Population Based Training#

What PBT Does#

  • Trains N policies in parallel (a “population”) on the same task.

  • Every interval_steps:

    1. Save each policy’s checkpoint and objective.

    2. Score the population and identify leaders and underperformers.

    3. For underperformers, replace weights from a random leader and mutate selected hyperparameters.

    4. Restart that process with the new weights/params automatically.

Leader / Underperformer Selection#

Let o_i be each initialized policy’s objective, with mean μ and std σ.

Upper and lower performance cuts are:

upper_cut = max(μ + threshold_std * σ, μ + threshold_abs)
lower_cut = min(μ - threshold_std * σ, μ - threshold_abs)
  • Leaders: o_i > upper_cut

  • Underperformers: o_i < lower_cut

The “Natural-Selection” rules:

  1. Only underperformers are acted on (mutated or replaced).

  2. If leaders exist, replace an underperformer with a random leader; otherwise, self-mutate.

Mutation (Hyperparameters)#

  • Each param has a mutation function (e.g., mutate_float, mutate_discount, etc.).

  • A param is mutated with probability mutation_rate.

  • When mutated, its value is perturbed within change_range = (min, max).

  • Only whitelisted keys (from the PBT config) are considered.

Example Config#

pbt:
  enabled: True
  policy_idx: 0
  num_policies: 8
  directory: .
  workspace: "pbt_workspace"
  objective: Curriculum/difficulty_level
  interval_steps: 50000000
  threshold_std: 0.1
  threshold_abs: 0.025
  mutation_rate: 0.25
  change_range: [1.1, 2.0]
  mutation:
    agent.params.config.learning_rate: "mutate_float"
    agent.params.config.grad_norm: "mutate_float"
    agent.params.config.entropy_coef: "mutate_float"
    agent.params.config.critic_coef: "mutate_float"
    agent.params.config.bounds_loss_coef: "mutate_float"
    agent.params.config.kl_threshold: "mutate_float"
    agent.params.config.gamma: "mutate_discount"
    agent.params.config.tau: "mutate_discount"

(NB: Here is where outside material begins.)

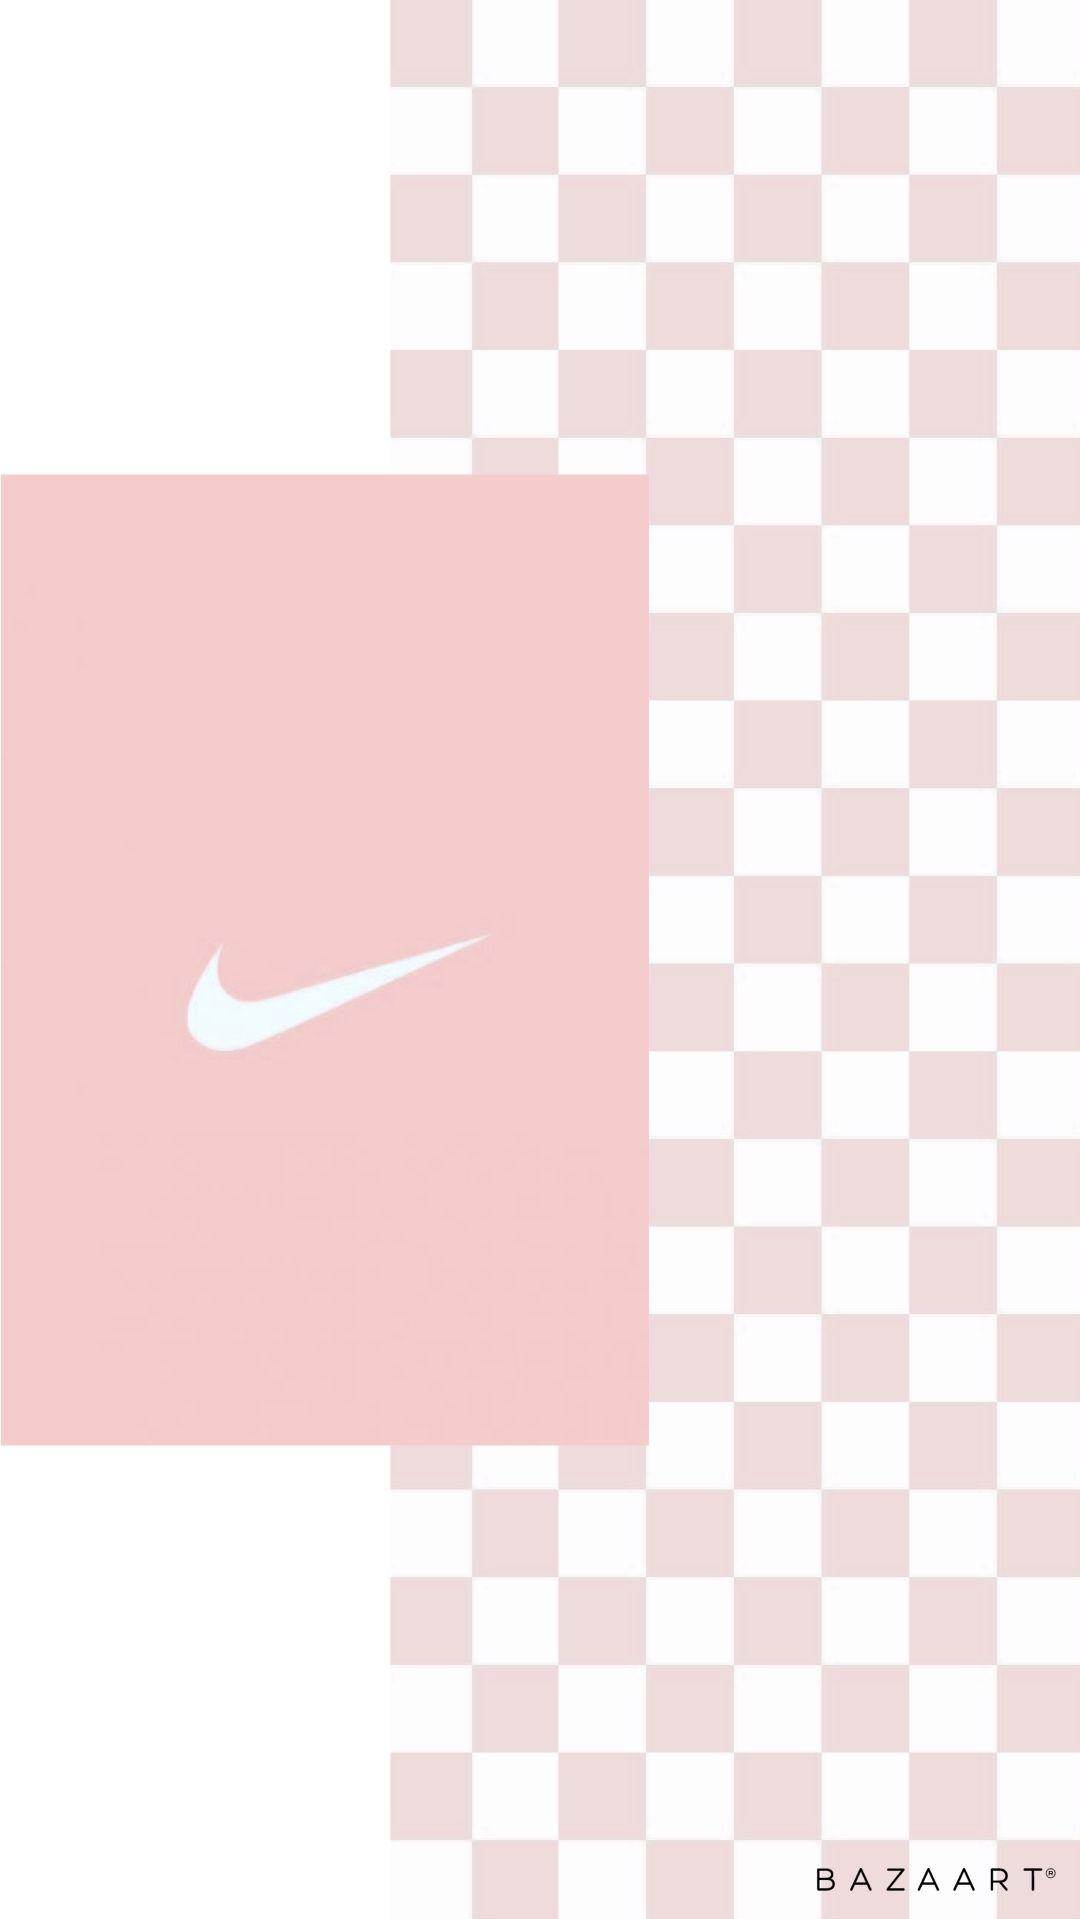 Pink Wallpaper Nike Simple iPhone

objective: Curriculum/difficulty_level uses infos["episode"]["Curriculum/difficulty_level"] as the scalar to rank policies (higher is better). With num_policies: 8, launch eight processes sharing the same workspace and unique policy_idx (0-7).

Launching PBT#

You must start one process per policy and point them to the same workspace. Set a unique policy_idx for each process and the common num_policies.

Minimal flags you need:

  • agent.pbt.enabled=True

  • agent.pbt.workspace=<path/to/shared_folder>

  • agent.pbt.policy_idx=<0..num_policies-1>

  • agent.pbt.num_policies=<N>

Note

All processes must use the same agent.pbt.workspace so they can see each other’s checkpoints.

Caution

PBT is currently supported only with the rl_games library. Other RL libraries are not supported yet.

Tips#

  • Keep checkpoints fast: reduce interval_steps only if you really need tighter PBT cadence.

  • It is recommended to run 6+ workers to see benefit of pbt

References#

This PBT implementation reimplements and is inspired by Dexpbt: Scaling up dexterous manipulation for hand-arm systems with population based training (Petrenko et al., 2023).

@article{petrenko2023dexpbt,
  title={Dexpbt: Scaling up dexterous manipulation for hand-arm systems with population based training},
  author={Petrenko, Aleksei and Allshire, Arthur and State, Gavriel and Handa, Ankur and Makoviychuk, Viktor},
  journal={arXiv preprint arXiv:2305.12127},
  year={2023}
}